### Task details:
Instruction for the entries below: return the part that opens with the line containing "Verordnungsblatt (VOBl.) der" and closes with the line containing "Ceppo di abete", exactly, and no pictures.

### Input for this task:
········
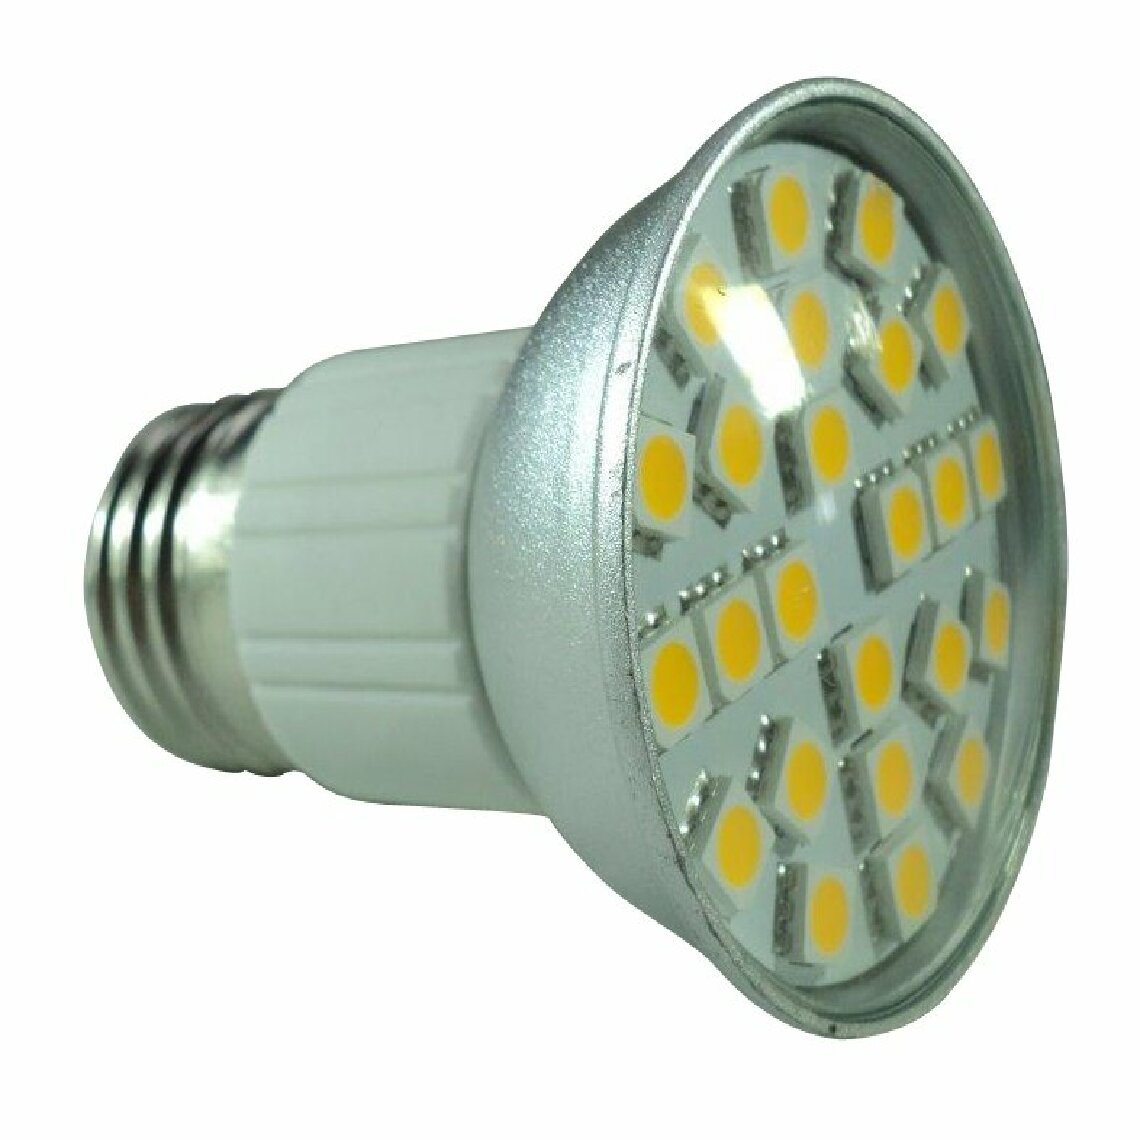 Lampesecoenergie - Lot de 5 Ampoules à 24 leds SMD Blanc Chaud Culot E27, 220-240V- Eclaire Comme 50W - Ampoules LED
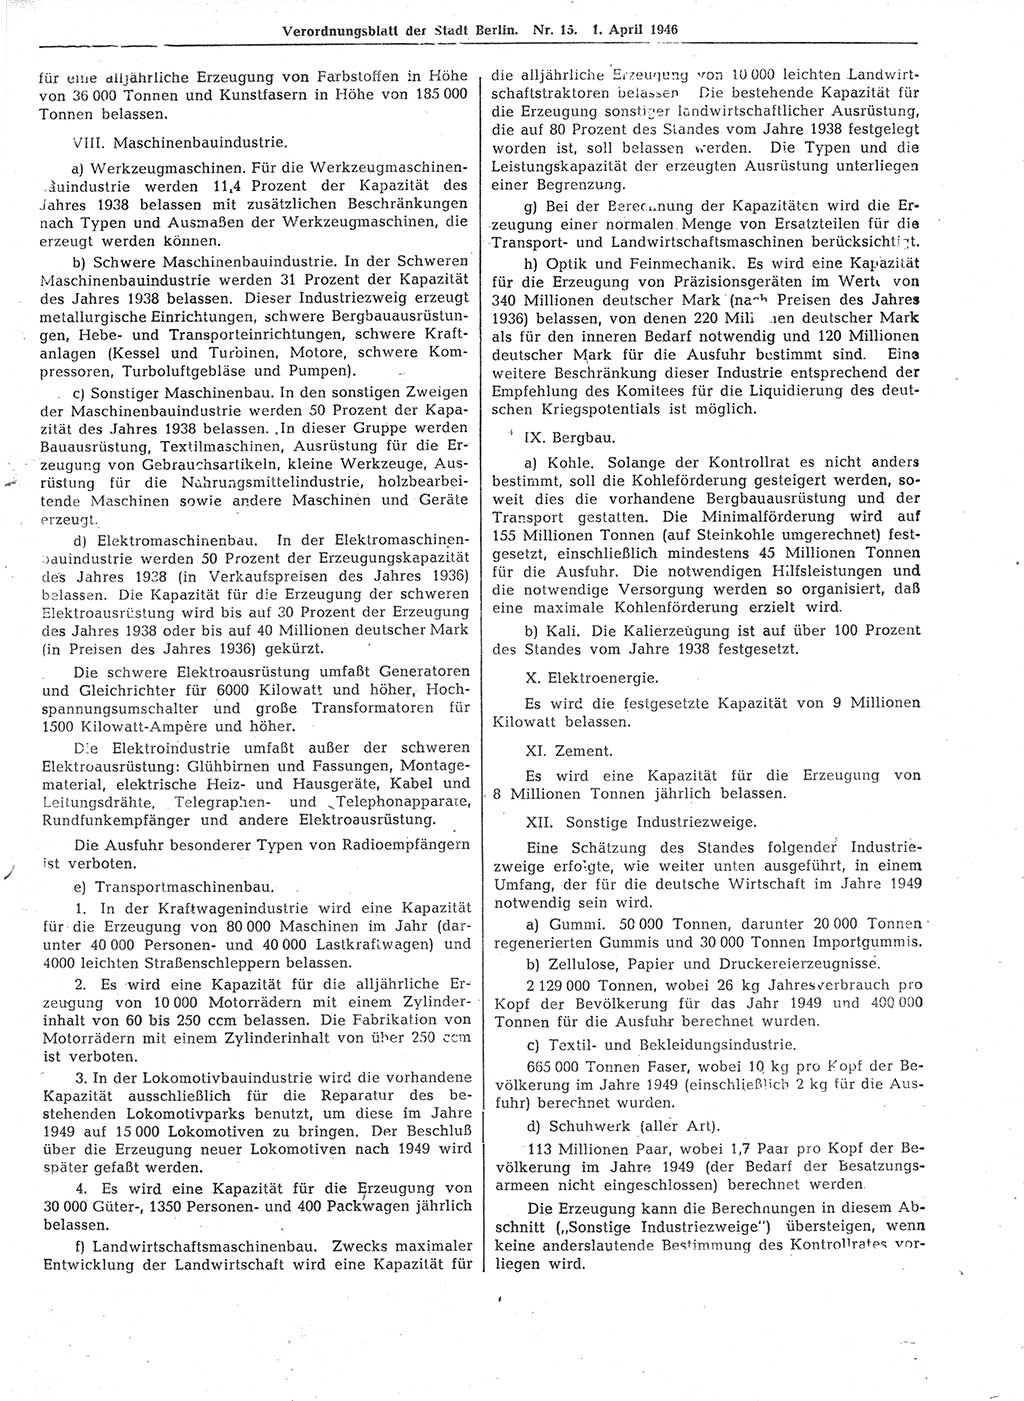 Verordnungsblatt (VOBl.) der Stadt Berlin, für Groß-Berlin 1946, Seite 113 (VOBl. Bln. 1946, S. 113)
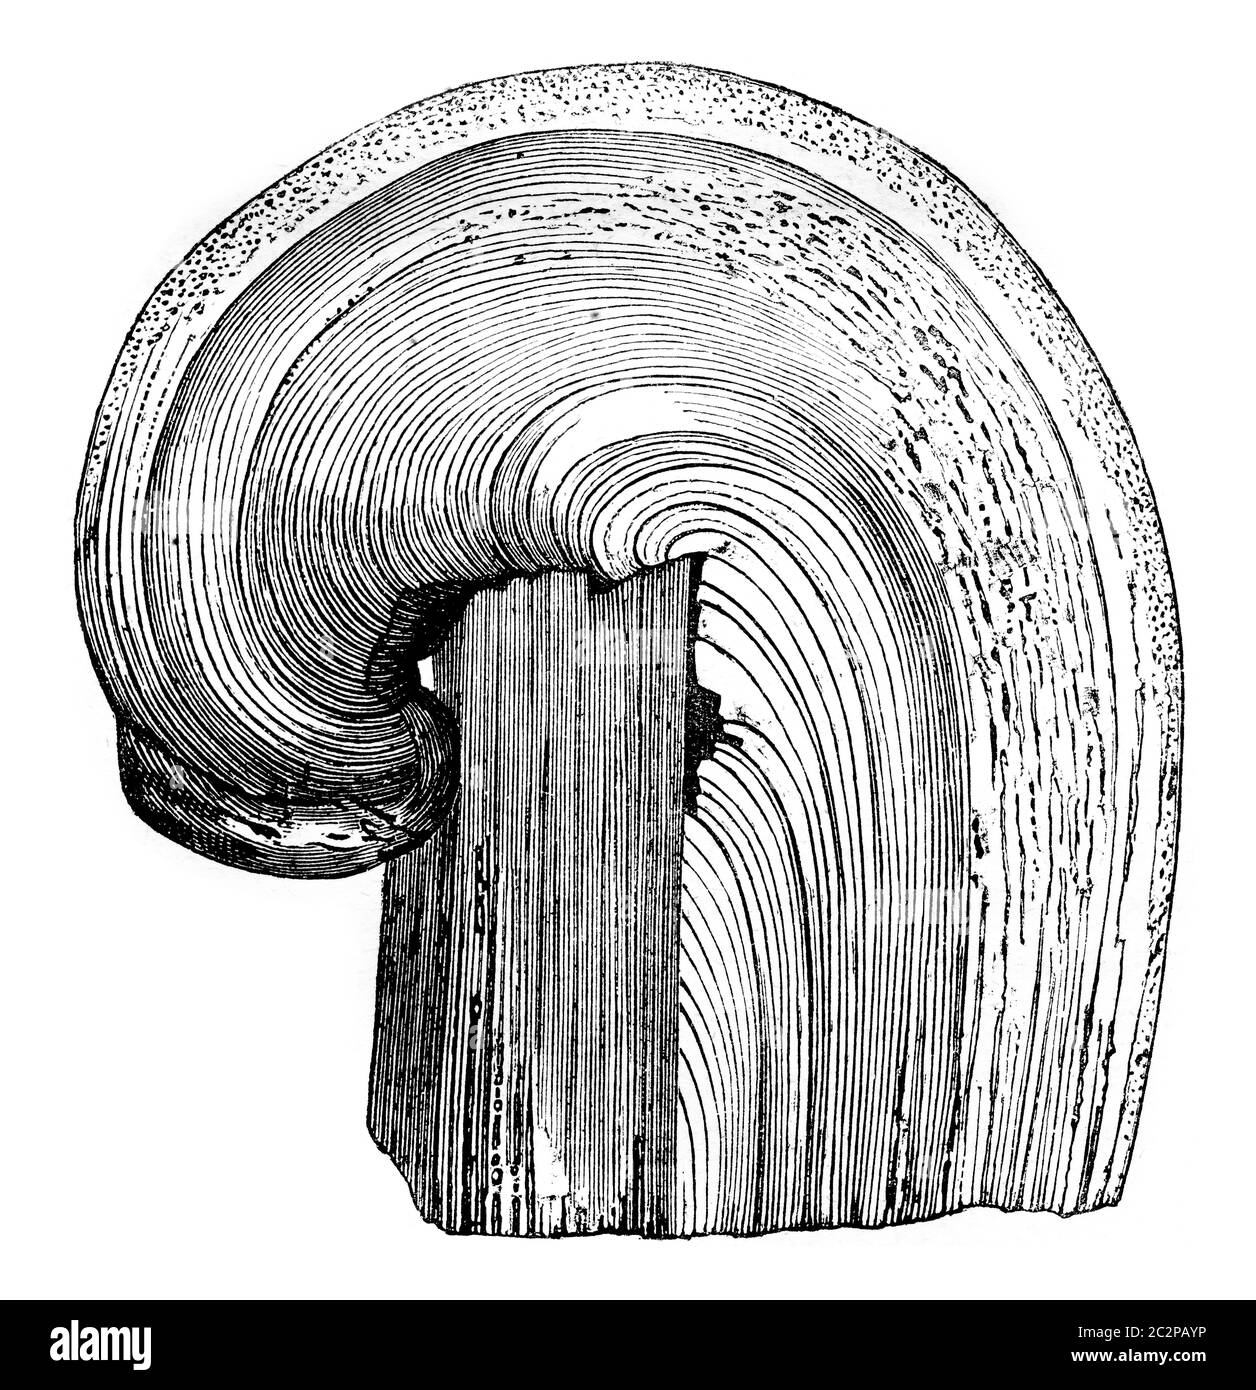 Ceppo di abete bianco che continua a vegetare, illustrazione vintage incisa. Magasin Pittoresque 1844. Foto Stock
········
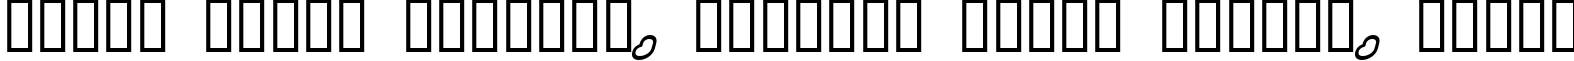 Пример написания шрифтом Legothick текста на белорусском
········
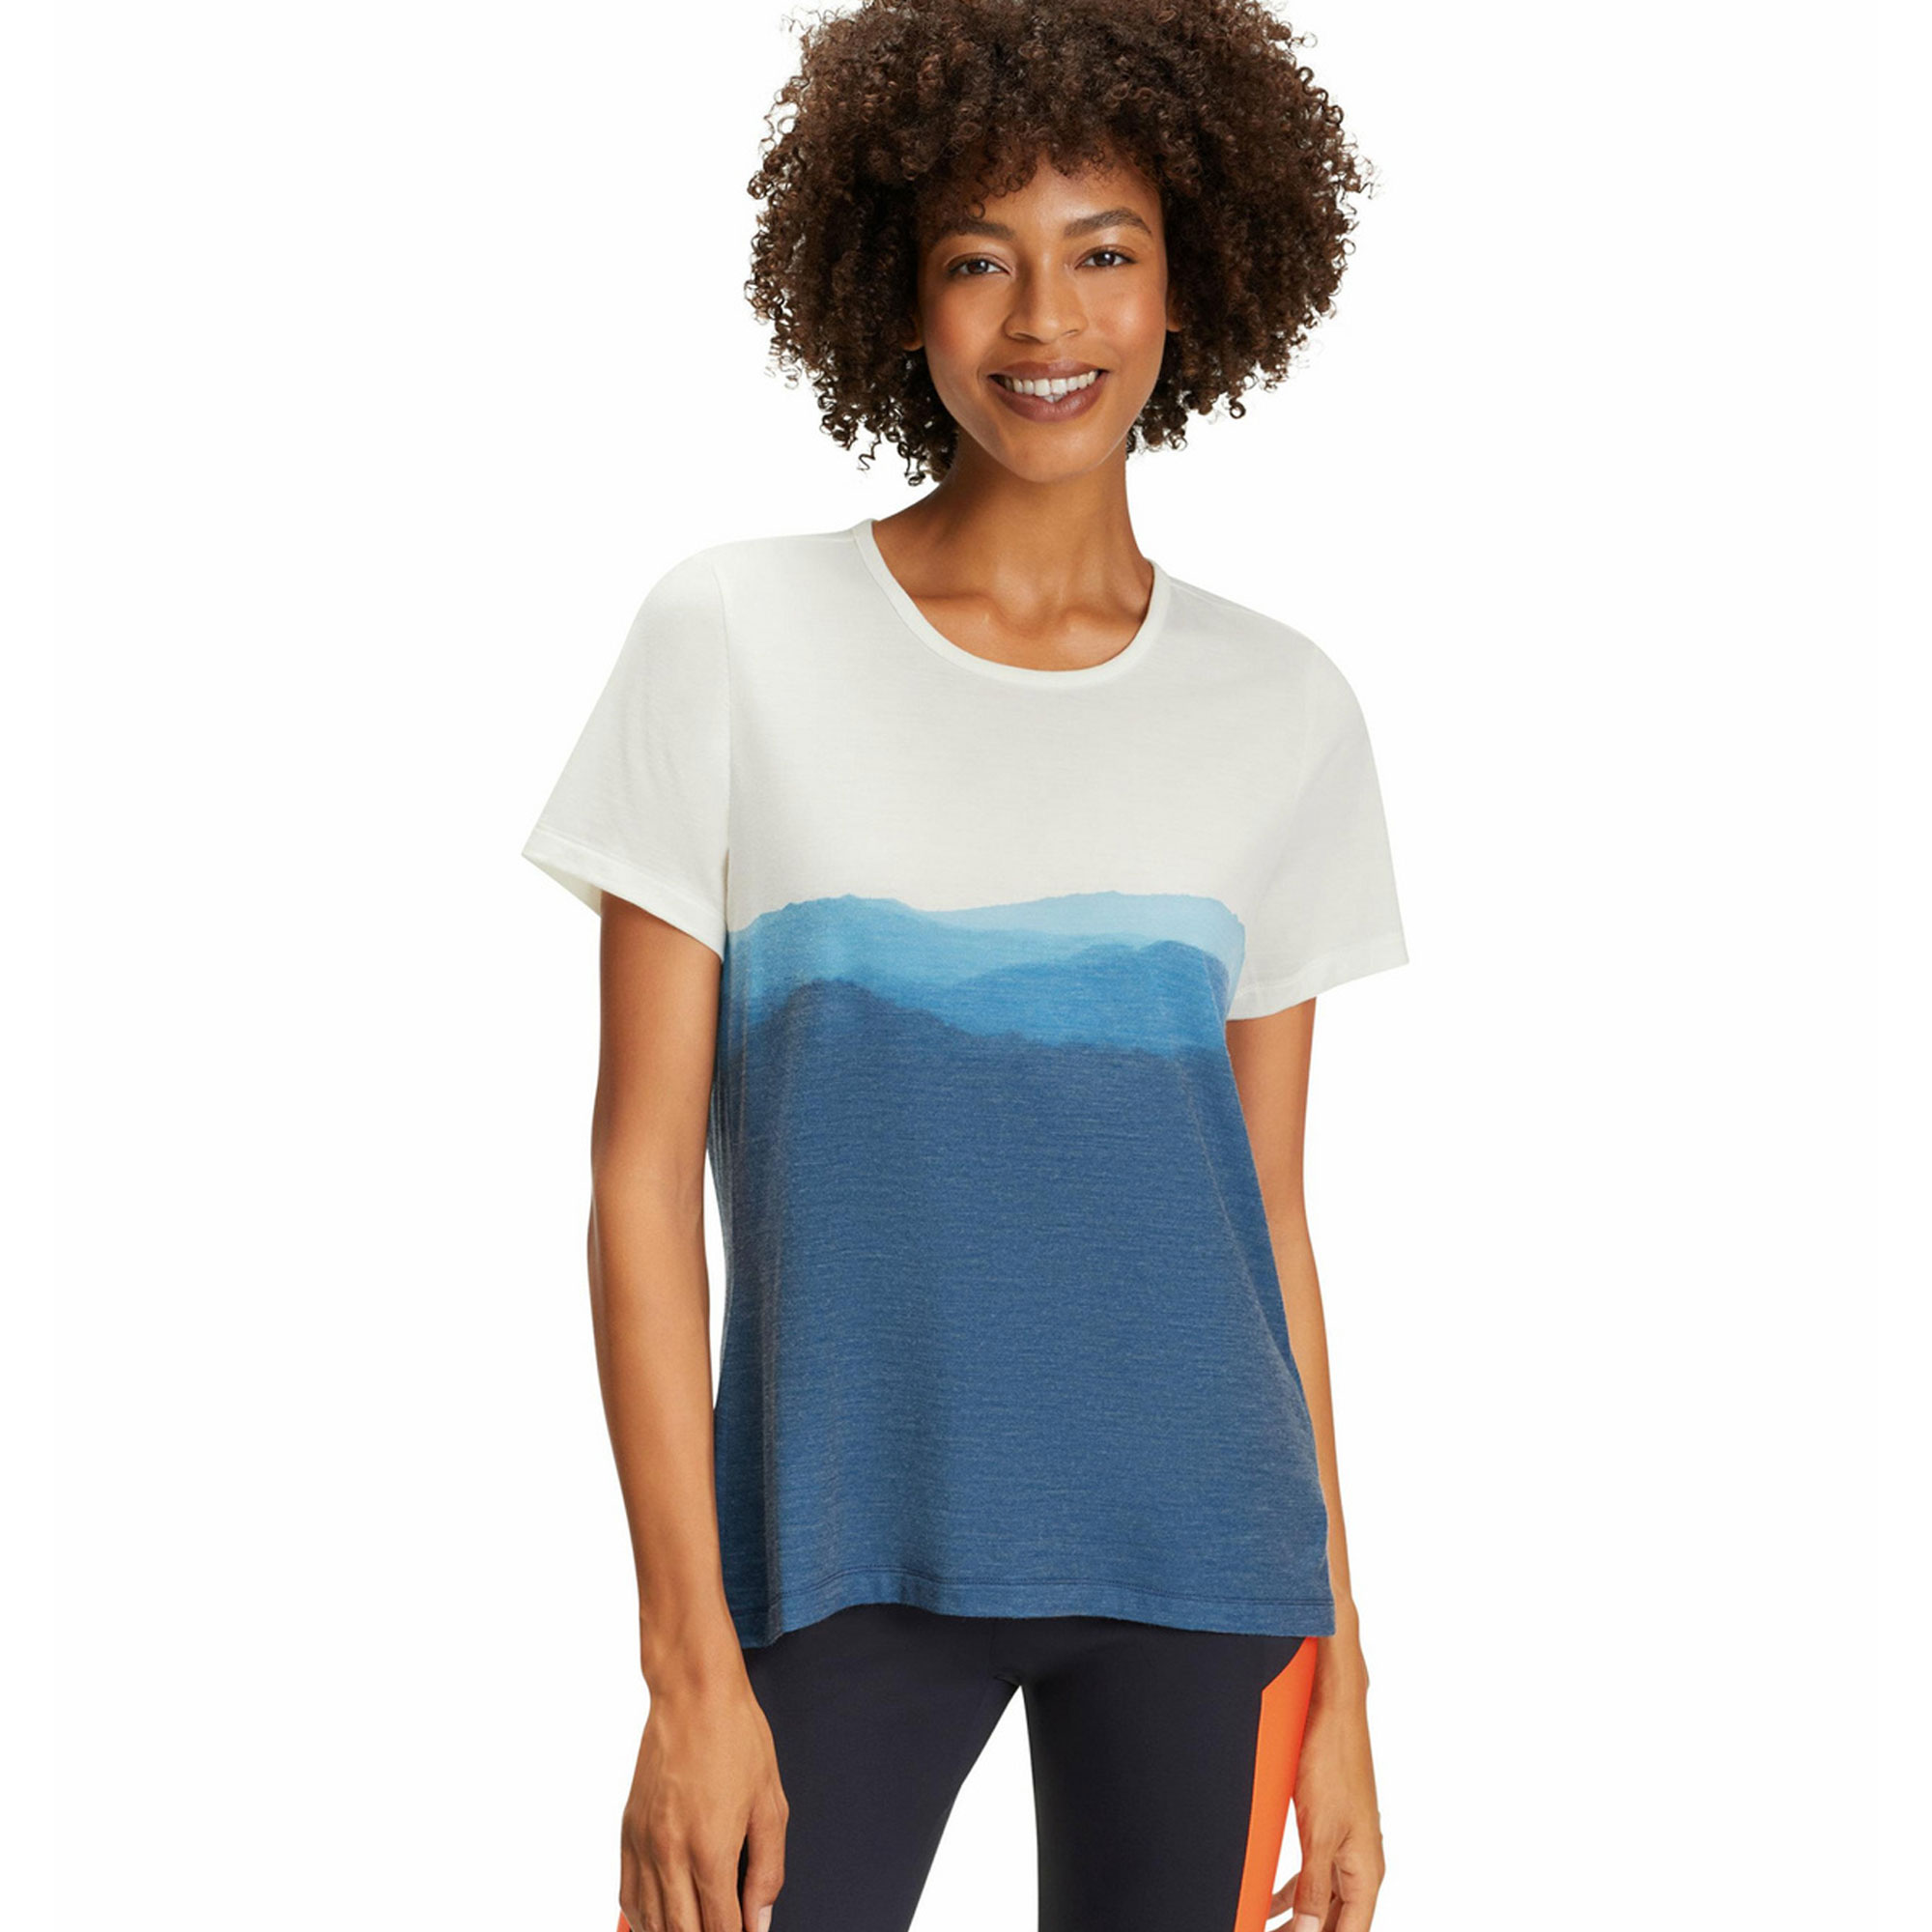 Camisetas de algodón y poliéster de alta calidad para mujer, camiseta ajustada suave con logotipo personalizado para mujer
········
### Answer section:
 Verordnungsblatt (VOBl.) der Stadt Berlin, für Groß-Berlin 1946, Seite 113 (VOBl. Bln. 1946, S. 113)
 Ceppo di abete bianco che continua a vegetare, illustrazione vintage incisa. Magasin Pittoresque 1844. Foto Stock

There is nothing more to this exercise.